Every time we think of the most powerful e-commerce companies, what comes to mind are images of artificial intelligence (AI) assistants, drones, augmented reality, and futuristic galactic delivery of e-commerce parcels in 15 minutes flat to any destination on Earth. Companies like Amazon, Google and Alibaba seem to be spending money on ideas that may change our lives years from now. At the same time, shipping companies’ appetite for scientific research and otherworldly technology mostly remains subject of conference talks.

This potentially sets up an unfamiliar future of e-commerce giants building the intelligent future of shipping. Unless something dramatically changes, and please don’t point to the Maersk-Alibaba (OneTouch) agreement as an example of such dramatic change, the e-commerce players will decide the shipping world of the future. If you don’t agree with me, just compare Google announcing that from now on they are to be known as the ‘AI-first’ company and [insert your favoured carrier name here] announcing that they soon will have the largest (for a few weeks) container ship in the world. Can you spot the difference?

What could come out of the focus on AI and data-driven decision-making?

We know that data-based intelligence technology is rapidly encroaching on the innovation-stagnant world of shipping. The e-commerce companies, which demonstrated relentless business expansion wielding data as a competitive weapon, might have a very different view on the future of carriers and how each individual container could travel round the world between its origin and its destination.

We don’t know this yet, and maybe even those e-commerce companies don’t know it either, but their knowledge of data flows between the shippers, the middlemen and the carriers puts them and their insight generated from vast data in a very privileged position. Google already analyses users’ web browsing, search history and geographic locations, linking data from popular Google-owned applications to purchase transactions history from third parties. Using AI to connect digital trails to real-world purchase records offers e-commerce companies a chance to alter shipping by creating new business opportunities from which they will be first to profit.
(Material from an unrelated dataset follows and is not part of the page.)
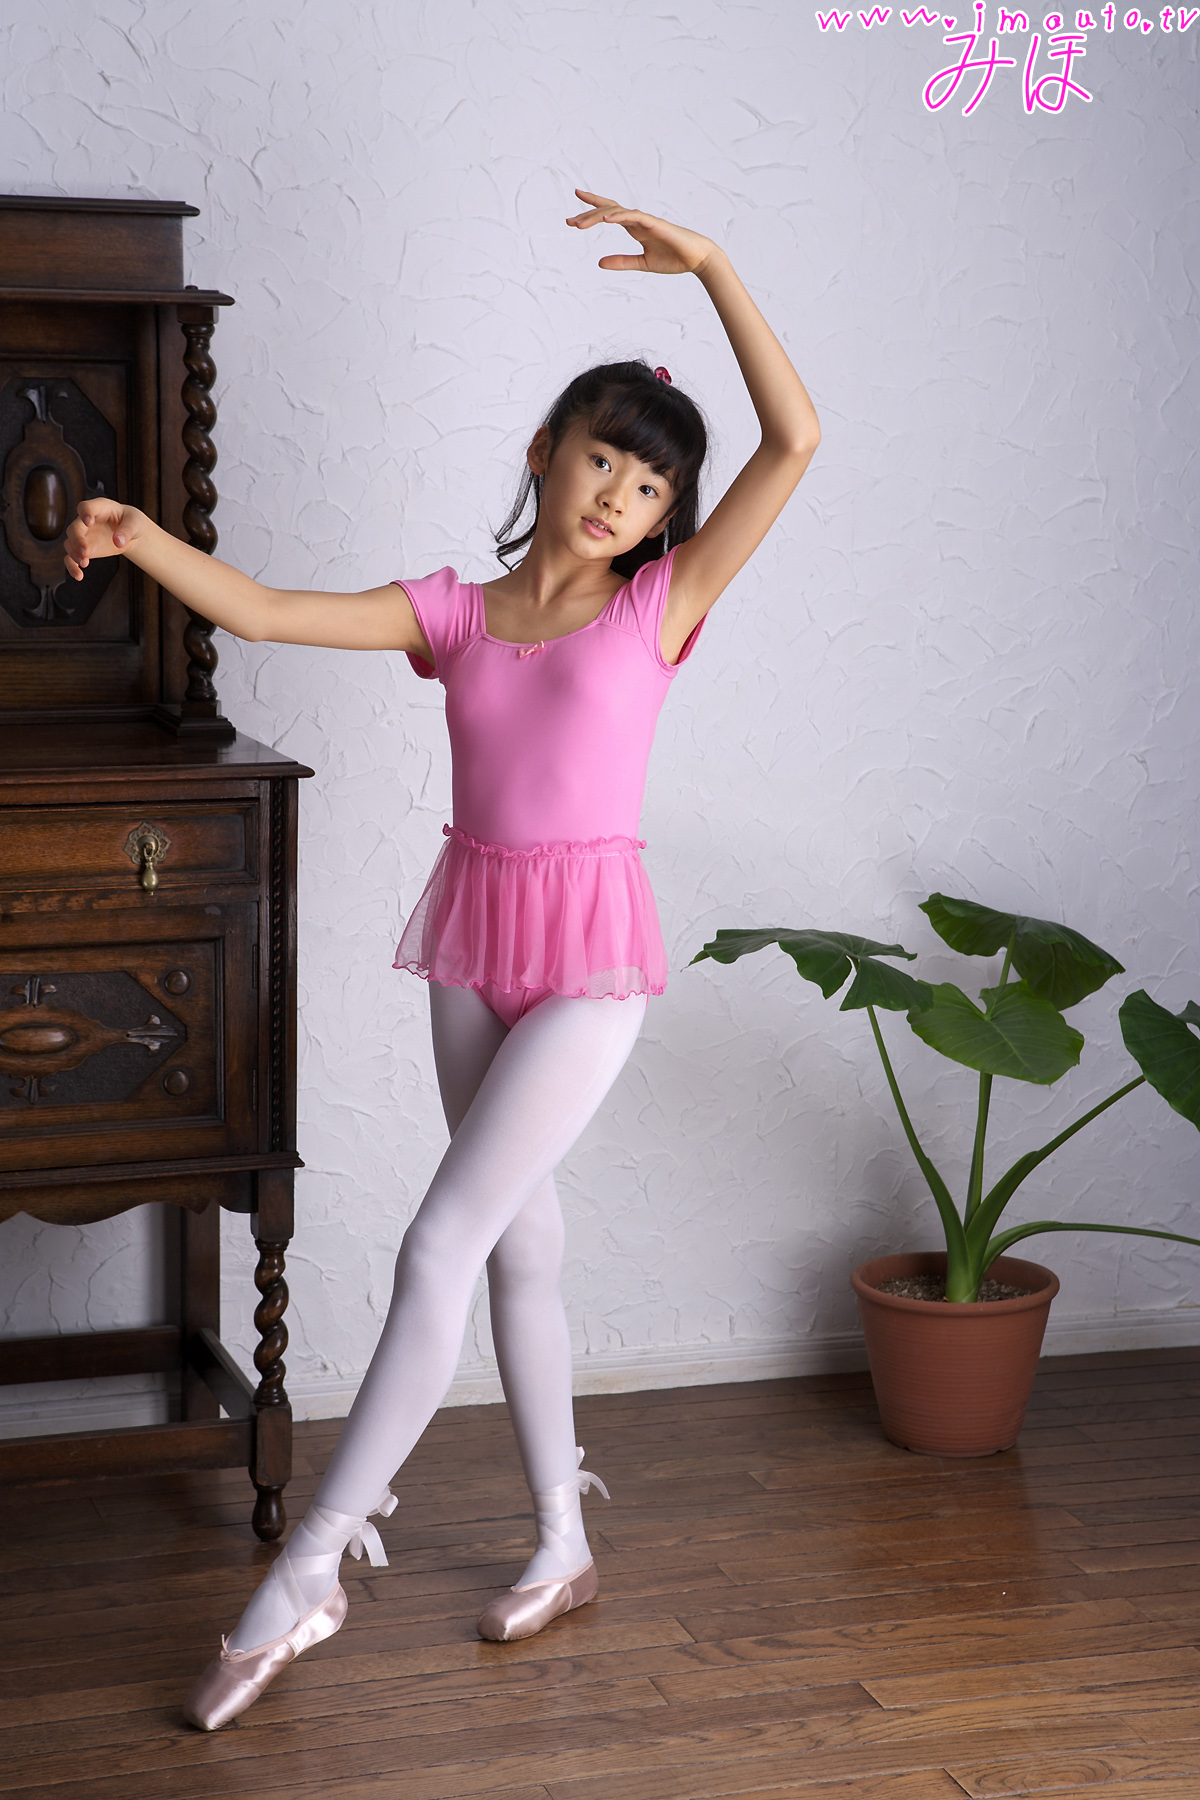 金子美穗跳芭蕾舞

It is entirely possible that some of their attempts at commercialising data-based insights fail to attract viable following, but companies like Amazon are accustomed to failure and dead ends and they are not discouraged by those failures. They revamp their strategies, modify approaches and keep trying until they hit on a winning outcome. Compare this to projects undertaken by shipping companies. Deep insight form big data analysis, machine learning, blockchain, robotics, autonomous vehicles, to consider only a few examples, had to prove themselves in other industries first before attracting some interest from the shipping industry.

The situation we are seeing now is reminiscent of how the e-commerce platforms used shopper behaviour data in the past to drive their own profitable contracts with the sellers perusing their platforms. It firmly positioned the platforms as merchants of information that no individual party could match. In shipping, as the platforms get richer and richer in data, they will gain significant power over the shipping companies, potentially commoditizing every aspect of their present business models.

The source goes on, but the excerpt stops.